This function returns a view of img
, so no memory is allocated and it runs in just a few tens of microseconds. The output shape is not exactly what you want, and in fact it must be copied to be able to get that shape.
在处理比基本数组大得多的数组的视图时,必须要小心,因为操作可能会触发需要分配大量内存的副本.在您的情况下,由于阵列不是太大,而且补丁也不多,应该没问题.
One has to be careful when dealing with views of an array that are much larger than the base array, because operations can trigger a copy which would need to allocate a lot of memory. In your case, since the arrays isn't too big and there aren't that many patches, it should be ok.
最后,我们可以整理一下补丁数组:
Finally, we can ravel the array of patches a bit:
patches = patchify(img, (39,39))
contiguous_patches = np.ascontiguousarray(patches)

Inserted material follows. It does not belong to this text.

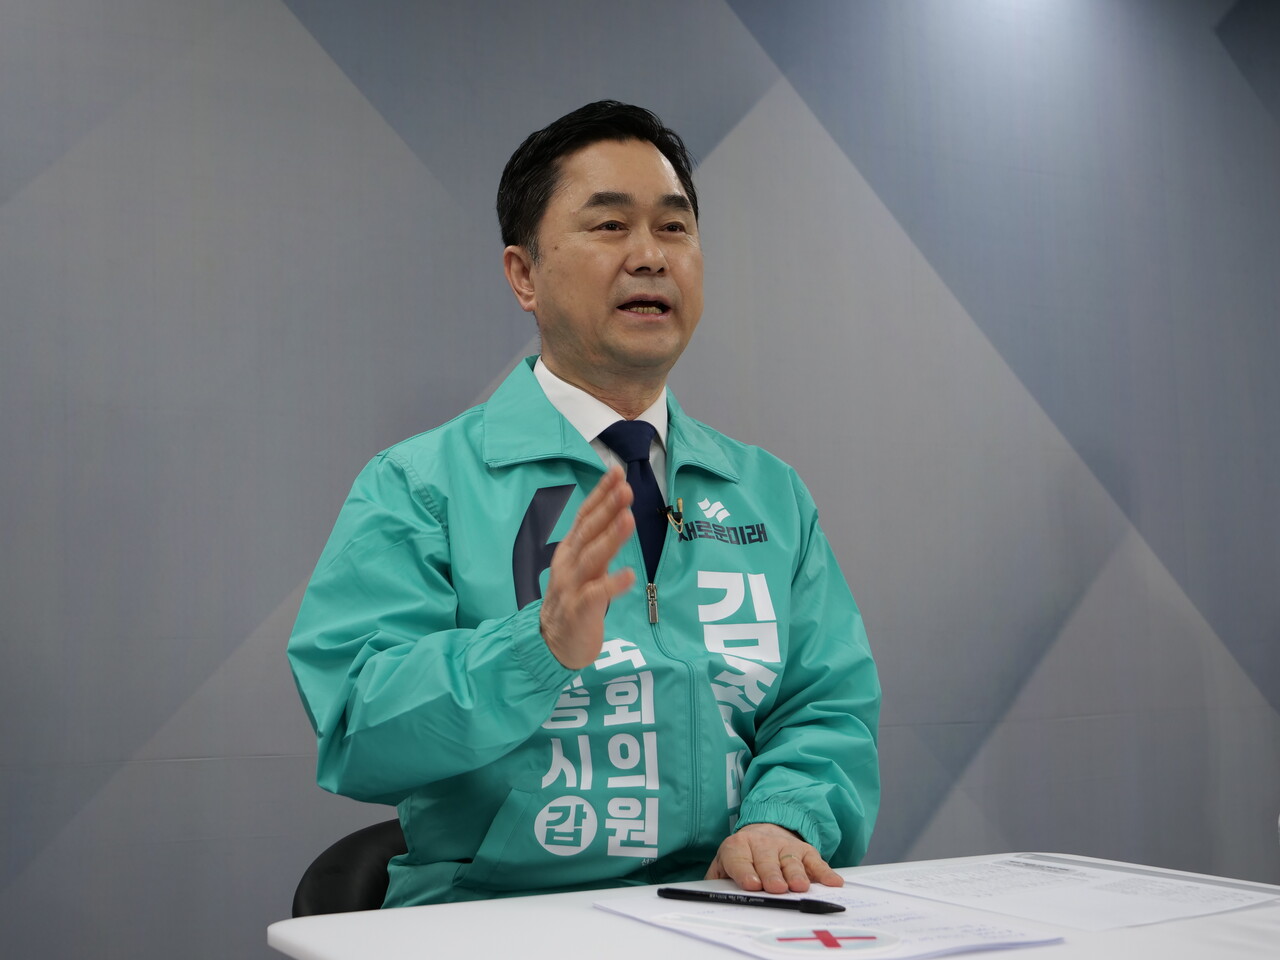 김종민 새로운미래 세종갑 후보. 한지혜 기자.

contiguous_patches.shape = (-1, 39**2)
这不会重现您的patchify函数的输出,因为您以Fortran顺序开发了补丁.我建议您改用它,因为
This doesn't reproduce the output of your patchify function because you kind of develop the patches in Fortran order. I recommend you to use this instead because
-
随后将导致更自然的索引编制(即,对于您的解决方案,第一个补丁是patch [0]而不是patch [:, 0]).
It leads to more natural indexing later on (ie, the first patch is patches[0] instead of patches[:, 0] for your solution).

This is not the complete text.